During that era, Panellinios took part in the biggest international tournaments in Europe, the predecessors of the Euroleague that were then held instead of the Euroleague tournament. The club advanced to the final of the 1954 San Remo Tournament, which they lost 81-74 to the Italian League club Olimpia Milano. Panellinios then won the 1955 Brussels Tournament, by defeating the Yugoslav League club Crvena Zvezda in the final, by a score of 91-67. Panellinios also won the 1956 San Remo Tournament, by defeating the Italian League club Virtus Bologna, by a score of 67-37.

Nisiotis is credited by most as being mainly responsible for the development of the sport in Greece in the 1930s and 1940s. Panellinios also featured the great scorer Antonis Christeas.

The Spanoudakis brothers, Ioannis and Alekos, who were players of Olympiacos, were among the first early important pioneers of the sport in the country.
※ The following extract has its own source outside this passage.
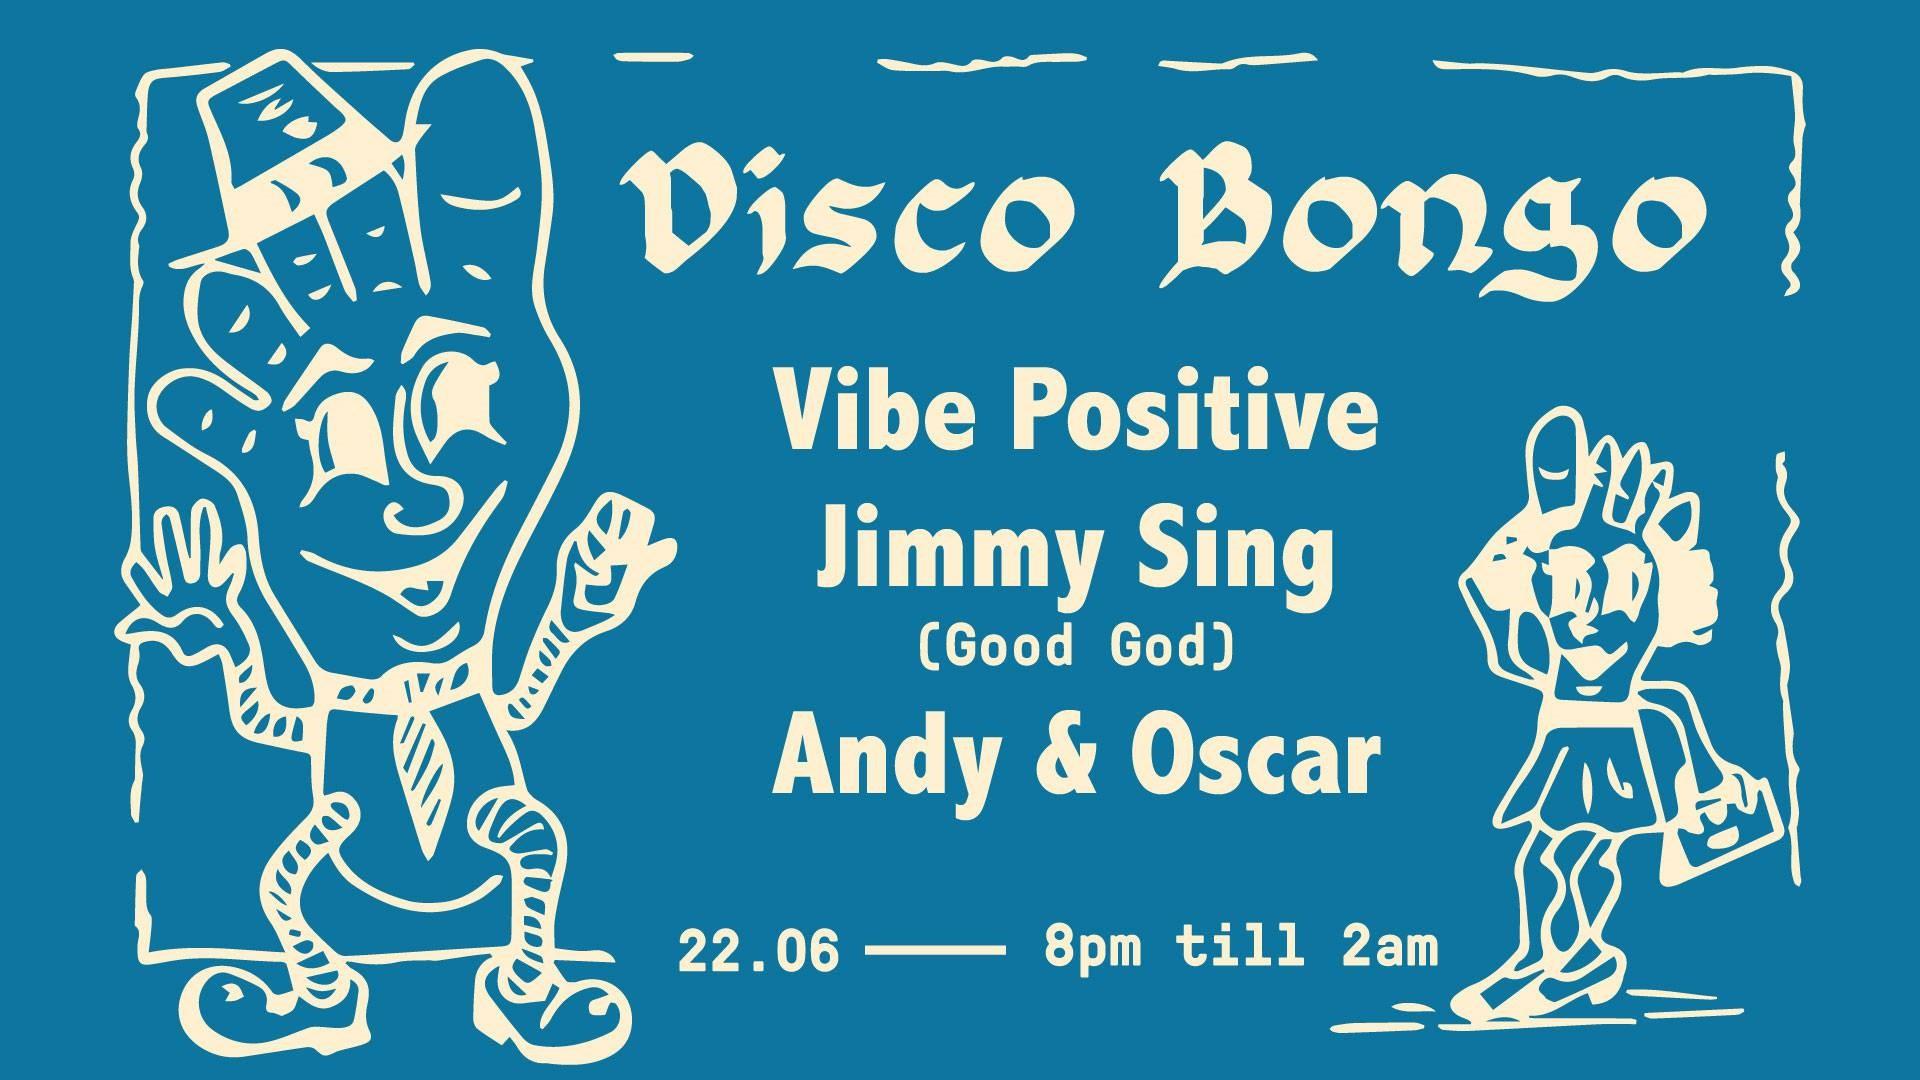 RA: Disco Bongo w  Jimmy Sing, Vibe Postive, Andy & Oscar at

Boston Celtics players Bob Cousy, and the Greek American player Lou Tsioropoulos, came to Greece in the 1950s, and gave teaching clinics on what the Celtics were doing and how they were playing the game at the time. The Spanoudakis brothers learned directly from them, and were among the first players in Greece to incorporate much of the American style of basketball, and to begin playing a brand of basketball in Greece that incorporated many of the moves and plays that they had been shown by the Celtics players.

The 1960s[edit]

In the 1963-64 season, the top men's basketball Greek League formed into a national league system for the first time. Up until that point, the Greek men's national basketball championship had been contested by teams locally at the regional level, with the champions of each regional level then playing against each other. With the start of the 1963-64 season, a true nationwide league system was formed for the first time

The next great club team in Greek basketball was AEK, which became the first Greek team to win a European trophy in any sport. AEK was led by great players such as: Georgios Amerikanos, Georgios Trontzos, who was the first 7 footer to play for Gonzaga University, Christos Zoupas, and Antonis Christeas, who had also been a part of the great Greek Panellinios teams of the 1950s.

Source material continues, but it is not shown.